F. Regulatory Flexibility Act

    The RFA requires agencies to analyze options for regulatory relief 
of small entities if a rule has a significant impact on a substantial 
number of small entities. For purposes of the RFA, small entities 
include small businesses, nonprofit organizations, and small 
governmental jurisdictions. The great majority of hospitals and most 
other health care providers and suppliers are small entities, either by 
being nonprofit organizations or by meeting the Small Business 
Administration (SBA) definition of a small business (having revenues of 
less than $47 million in any 1 year).
    According to the SBA's website at http://www.sba.gov/content/small-business-size-standards, IPFs falls into the North American Industrial 
Classification System (NAICS) code 622210, Psychiatric and Substance 
Abuse hospitals. The SBA defines small Psychiatric and Substance Abuse 
hospitals as businesses having less than $47 million.
    Because we lack data on individual hospital receipts, we cannot 
determine the number of small proprietary IPFs or the proportion of 
IPFs' revenue derived from Medicare payments. Therefore, we assume that 
all IPFs are considered small entities.
    The Department of Health and Human Services generally uses a 
revenue impact of 3 to 5 percent as a significance threshold under the 
RFA. As shown in Table 30, we estimate that the overall revenue impact 
of this proposed rule on all IPFs is to increase estimated Medicare 
payments by approximately 2.6 percent.

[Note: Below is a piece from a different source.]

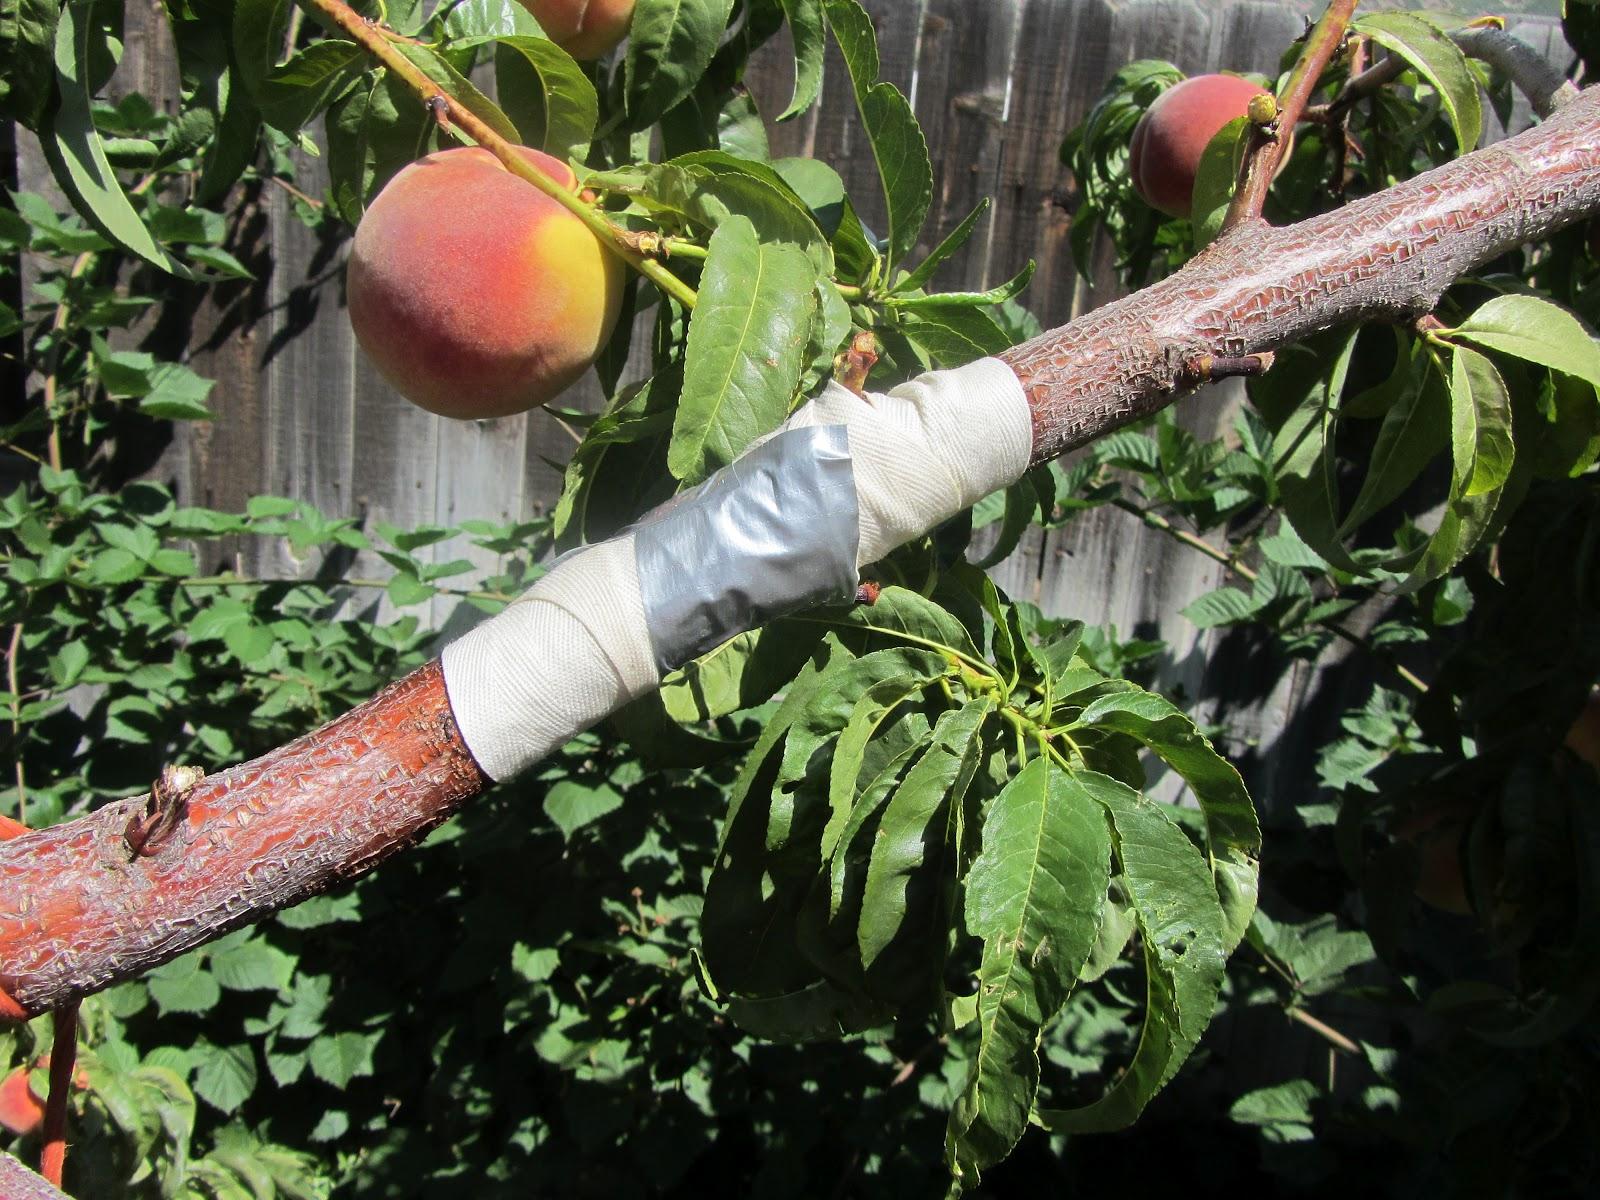 http://2.bp.blogspot.com/-PrZmxlL-sWI/UEECKh6418I/AAAAAAAAD18/QlFrrUZi6-w/s1600/2012,+August+funnies,+peach+tree+013.JPG
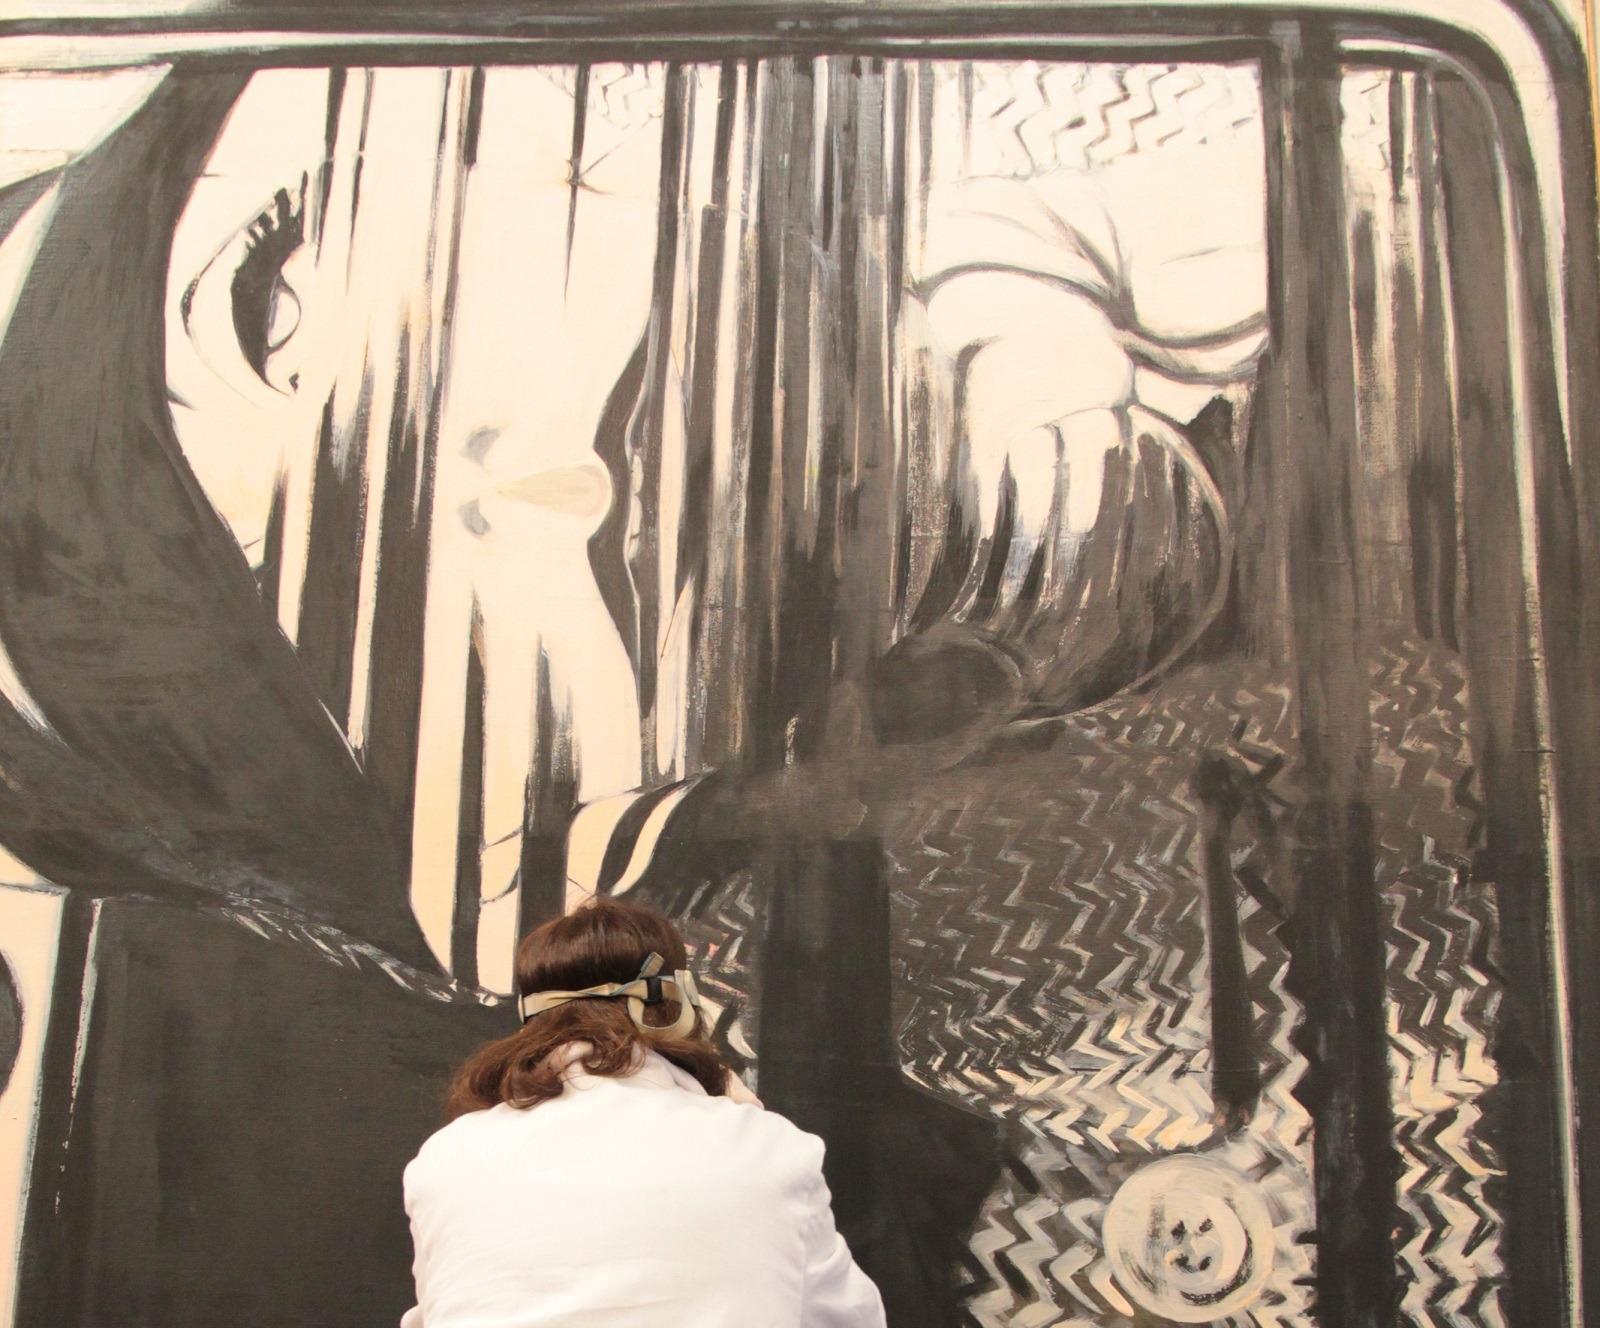 Rossella Lari restoring Greta Garbo

As a result, since the estimated 
impact of this proposed rule is a net increase in revenue across almost 
all categories of IPFs, the Secretary has determined that this proposed 
rule will have a positive revenue impact on a substantial number of 
small entities.
    In addition, section 1102(b) of the Act requires us to prepare a 
regulatory impact analysis if a rule may have a significant impact on 
the operations of a substantial number of small rural hospitals. This 
analysis must conform to the provisions of section 603 of the RFA. For 
purposes of section 1102(b) of the Act, we define a small rural 
hospital as a hospital that is located outside of a metropolitan 
statistical area and has fewer than 100 beds. As discussed in section 
VIII.C.2 of this proposed rule, the rates and policies set forth in 
this proposed rule will not have an adverse impact on the rural 
hospitals based on the data of the 199 rural excluded psychiatric units 
and 60 rural psychiatric hospitals in our database of 1,430 IPFs for 
which data were available. Therefore, the Secretary has determined that 
this proposed rule will not have a significant impact on the operations 
of a substantial number of small rural hospitals.

[[Page 23224]]

G. Unfunded Mandate Reform Act (UMRA)

    Section 202 of the Unfunded Mandates Reform Act of 1995 (UMRA) also 
requires that agencies assess anticipated costs and benefits before 
issuing any rule whose mandates require spending in any 1 year of $100 
million in 1995 dollars, updated annually for inflation. In 2023, that 
threshold is approximately $183 million. This proposed rule does not 
mandate any requirements for state, local, or tribal governments, or 
for the private sector. This proposed rule would not impose a mandate 
that will result in the expenditure by state, local, and tribal 
governments, in the aggregate, or by the private sector, of more than 
$183 million in any 1 year.

H. Federalism

    Executive Order 13132 establishes certain requirements that an 
agency must meet when it promulgates a proposed rule that imposes 
substantial direct requirement costs on state and local governments, 
preempts state law, or otherwise has Federalism implications. This 
proposed rule does not impose substantial direct costs on state or 
local governments or preempt state law.
    In accordance with the provisions of Executive Order 12866, this 
proposed regulation was reviewed by the Office of Management and 
Budget.
    Chiquita Brooks-LaSure, Administrator of the Centers for Medicare & 
Medicaid Services, approved this document on March 22, 2024.

Xavier Becerra,
Secretary, Department of Health and Human Services.